### How to complete this task
Both the line with "利得イブ不利益[Dior] ディオールキャプチャカプチュールトータルDreamskin血清50ミリリットル - Dior" and the line with "Tamaris dámske štýlové plážovky - ružové" in the records below must appear in the output, along with every line between them, exactly and with nothing added.

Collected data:
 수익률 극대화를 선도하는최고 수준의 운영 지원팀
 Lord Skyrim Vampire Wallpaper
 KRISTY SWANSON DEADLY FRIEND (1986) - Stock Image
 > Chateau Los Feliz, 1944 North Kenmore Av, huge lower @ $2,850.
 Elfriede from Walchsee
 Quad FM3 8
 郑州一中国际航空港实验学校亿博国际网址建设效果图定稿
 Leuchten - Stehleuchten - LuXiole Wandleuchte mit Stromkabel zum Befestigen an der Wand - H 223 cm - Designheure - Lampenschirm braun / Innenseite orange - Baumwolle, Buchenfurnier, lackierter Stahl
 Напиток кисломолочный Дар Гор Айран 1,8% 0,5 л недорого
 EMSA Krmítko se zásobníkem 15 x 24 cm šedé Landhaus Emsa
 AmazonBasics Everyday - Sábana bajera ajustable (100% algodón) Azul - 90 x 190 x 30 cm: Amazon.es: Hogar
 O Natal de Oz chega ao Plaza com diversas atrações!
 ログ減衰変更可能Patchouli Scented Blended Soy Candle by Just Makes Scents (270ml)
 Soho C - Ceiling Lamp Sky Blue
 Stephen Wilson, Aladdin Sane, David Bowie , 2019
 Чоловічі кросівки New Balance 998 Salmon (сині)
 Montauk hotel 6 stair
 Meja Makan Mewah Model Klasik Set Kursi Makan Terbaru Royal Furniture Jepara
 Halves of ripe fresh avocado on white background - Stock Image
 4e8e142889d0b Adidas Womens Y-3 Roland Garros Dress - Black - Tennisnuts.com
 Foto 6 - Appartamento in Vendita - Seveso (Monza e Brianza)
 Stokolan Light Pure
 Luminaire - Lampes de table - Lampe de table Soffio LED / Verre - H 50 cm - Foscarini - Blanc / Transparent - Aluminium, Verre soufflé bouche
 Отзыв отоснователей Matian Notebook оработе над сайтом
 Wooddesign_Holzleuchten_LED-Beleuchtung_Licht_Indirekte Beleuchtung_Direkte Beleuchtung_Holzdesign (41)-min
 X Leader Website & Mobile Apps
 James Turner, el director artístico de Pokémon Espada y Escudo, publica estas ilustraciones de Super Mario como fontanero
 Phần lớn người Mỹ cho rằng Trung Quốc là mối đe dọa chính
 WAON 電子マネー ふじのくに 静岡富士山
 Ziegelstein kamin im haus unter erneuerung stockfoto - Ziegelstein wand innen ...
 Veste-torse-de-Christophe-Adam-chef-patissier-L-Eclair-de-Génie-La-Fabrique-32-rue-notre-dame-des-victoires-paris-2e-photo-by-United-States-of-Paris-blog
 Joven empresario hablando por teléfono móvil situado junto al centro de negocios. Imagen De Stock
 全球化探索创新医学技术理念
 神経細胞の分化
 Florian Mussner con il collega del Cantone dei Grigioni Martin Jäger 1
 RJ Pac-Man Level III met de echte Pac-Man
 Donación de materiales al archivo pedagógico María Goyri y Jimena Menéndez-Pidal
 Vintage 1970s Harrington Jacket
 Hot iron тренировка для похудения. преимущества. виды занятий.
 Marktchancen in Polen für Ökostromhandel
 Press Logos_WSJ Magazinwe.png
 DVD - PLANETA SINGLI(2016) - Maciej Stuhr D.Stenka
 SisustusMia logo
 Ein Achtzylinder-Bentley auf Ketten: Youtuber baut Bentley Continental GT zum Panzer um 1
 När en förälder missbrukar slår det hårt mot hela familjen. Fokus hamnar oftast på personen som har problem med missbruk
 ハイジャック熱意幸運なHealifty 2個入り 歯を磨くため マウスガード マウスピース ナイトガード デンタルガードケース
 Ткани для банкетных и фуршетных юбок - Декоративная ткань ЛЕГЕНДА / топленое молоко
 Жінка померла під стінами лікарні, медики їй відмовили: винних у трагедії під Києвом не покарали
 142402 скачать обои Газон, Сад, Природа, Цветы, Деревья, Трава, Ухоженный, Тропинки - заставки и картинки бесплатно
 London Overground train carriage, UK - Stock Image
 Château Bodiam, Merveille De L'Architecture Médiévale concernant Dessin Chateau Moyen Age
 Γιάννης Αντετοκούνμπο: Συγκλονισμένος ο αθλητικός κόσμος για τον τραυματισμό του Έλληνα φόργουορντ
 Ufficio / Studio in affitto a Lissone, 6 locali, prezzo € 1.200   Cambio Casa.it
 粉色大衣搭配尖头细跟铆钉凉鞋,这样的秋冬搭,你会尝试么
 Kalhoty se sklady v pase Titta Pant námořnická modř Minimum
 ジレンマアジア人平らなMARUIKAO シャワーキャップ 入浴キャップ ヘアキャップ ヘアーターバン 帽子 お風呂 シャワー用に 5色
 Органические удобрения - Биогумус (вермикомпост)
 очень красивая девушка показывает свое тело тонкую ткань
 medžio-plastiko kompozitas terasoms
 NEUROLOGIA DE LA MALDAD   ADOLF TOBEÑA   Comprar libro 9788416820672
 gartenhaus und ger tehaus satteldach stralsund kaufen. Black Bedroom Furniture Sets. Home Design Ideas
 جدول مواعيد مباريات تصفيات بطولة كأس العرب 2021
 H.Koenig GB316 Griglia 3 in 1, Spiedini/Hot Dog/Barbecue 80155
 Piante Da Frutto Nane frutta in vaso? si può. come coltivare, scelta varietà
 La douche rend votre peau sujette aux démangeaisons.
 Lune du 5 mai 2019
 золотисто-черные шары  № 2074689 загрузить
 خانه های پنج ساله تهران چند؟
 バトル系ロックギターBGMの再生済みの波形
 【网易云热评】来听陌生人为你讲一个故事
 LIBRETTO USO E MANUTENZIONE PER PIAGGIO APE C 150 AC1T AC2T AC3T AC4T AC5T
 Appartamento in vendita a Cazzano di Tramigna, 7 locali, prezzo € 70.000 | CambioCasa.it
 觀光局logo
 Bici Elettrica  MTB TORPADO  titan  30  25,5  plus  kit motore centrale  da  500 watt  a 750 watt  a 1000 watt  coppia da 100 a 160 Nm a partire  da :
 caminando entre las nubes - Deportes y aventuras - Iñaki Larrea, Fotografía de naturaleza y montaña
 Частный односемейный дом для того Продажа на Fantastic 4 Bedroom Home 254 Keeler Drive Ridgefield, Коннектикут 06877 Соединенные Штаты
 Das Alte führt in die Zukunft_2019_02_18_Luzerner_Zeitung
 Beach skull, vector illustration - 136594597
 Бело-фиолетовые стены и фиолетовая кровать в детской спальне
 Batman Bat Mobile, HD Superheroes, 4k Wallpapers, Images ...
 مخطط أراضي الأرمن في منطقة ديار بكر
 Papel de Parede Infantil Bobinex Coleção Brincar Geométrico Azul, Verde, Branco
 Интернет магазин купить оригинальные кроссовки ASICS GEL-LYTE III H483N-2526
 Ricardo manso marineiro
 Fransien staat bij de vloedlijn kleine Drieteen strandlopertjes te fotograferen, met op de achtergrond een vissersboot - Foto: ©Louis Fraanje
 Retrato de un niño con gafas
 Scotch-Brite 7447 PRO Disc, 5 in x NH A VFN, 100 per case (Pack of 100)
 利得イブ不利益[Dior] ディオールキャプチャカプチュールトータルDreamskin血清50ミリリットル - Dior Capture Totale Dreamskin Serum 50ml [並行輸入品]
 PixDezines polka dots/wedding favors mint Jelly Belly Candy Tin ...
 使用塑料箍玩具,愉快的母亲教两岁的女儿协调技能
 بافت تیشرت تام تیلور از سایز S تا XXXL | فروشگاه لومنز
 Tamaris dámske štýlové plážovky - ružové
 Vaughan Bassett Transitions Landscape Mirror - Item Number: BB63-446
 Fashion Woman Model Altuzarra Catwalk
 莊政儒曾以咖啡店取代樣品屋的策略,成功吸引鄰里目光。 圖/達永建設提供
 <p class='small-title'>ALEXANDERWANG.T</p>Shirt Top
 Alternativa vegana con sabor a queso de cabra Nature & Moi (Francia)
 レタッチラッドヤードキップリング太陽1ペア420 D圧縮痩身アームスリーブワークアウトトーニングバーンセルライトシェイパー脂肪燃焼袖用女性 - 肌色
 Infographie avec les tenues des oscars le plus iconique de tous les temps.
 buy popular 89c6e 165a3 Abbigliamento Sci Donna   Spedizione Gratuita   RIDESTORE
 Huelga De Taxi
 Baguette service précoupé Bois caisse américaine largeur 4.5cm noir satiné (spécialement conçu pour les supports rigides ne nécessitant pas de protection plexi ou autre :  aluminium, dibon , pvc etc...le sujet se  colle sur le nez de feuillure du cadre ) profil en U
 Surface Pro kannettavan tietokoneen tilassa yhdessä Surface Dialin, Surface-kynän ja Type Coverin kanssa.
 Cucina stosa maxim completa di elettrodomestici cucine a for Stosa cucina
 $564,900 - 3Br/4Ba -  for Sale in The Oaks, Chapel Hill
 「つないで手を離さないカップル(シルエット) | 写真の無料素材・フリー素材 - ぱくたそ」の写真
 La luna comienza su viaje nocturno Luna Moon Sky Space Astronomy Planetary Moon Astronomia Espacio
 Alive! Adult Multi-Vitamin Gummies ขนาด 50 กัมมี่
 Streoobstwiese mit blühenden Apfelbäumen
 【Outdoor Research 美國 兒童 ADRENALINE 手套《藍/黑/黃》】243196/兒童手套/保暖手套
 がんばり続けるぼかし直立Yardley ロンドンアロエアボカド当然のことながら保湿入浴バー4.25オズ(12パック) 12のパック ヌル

### Answer below
 利得イブ不利益[Dior] ディオールキャプチャカプチュールトータルDreamskin血清50ミリリットル - Dior Capture Totale Dreamskin Serum 50ml [並行輸入品]
 PixDezines polka dots/wedding favors mint Jelly Belly Candy Tin ...
 使用塑料箍玩具,愉快的母亲教两岁的女儿协调技能
 بافت تیشرت تام تیلور از سایز S تا XXXL | فروشگاه لومنز
 Tamaris dámske štýlové plážovky - ružové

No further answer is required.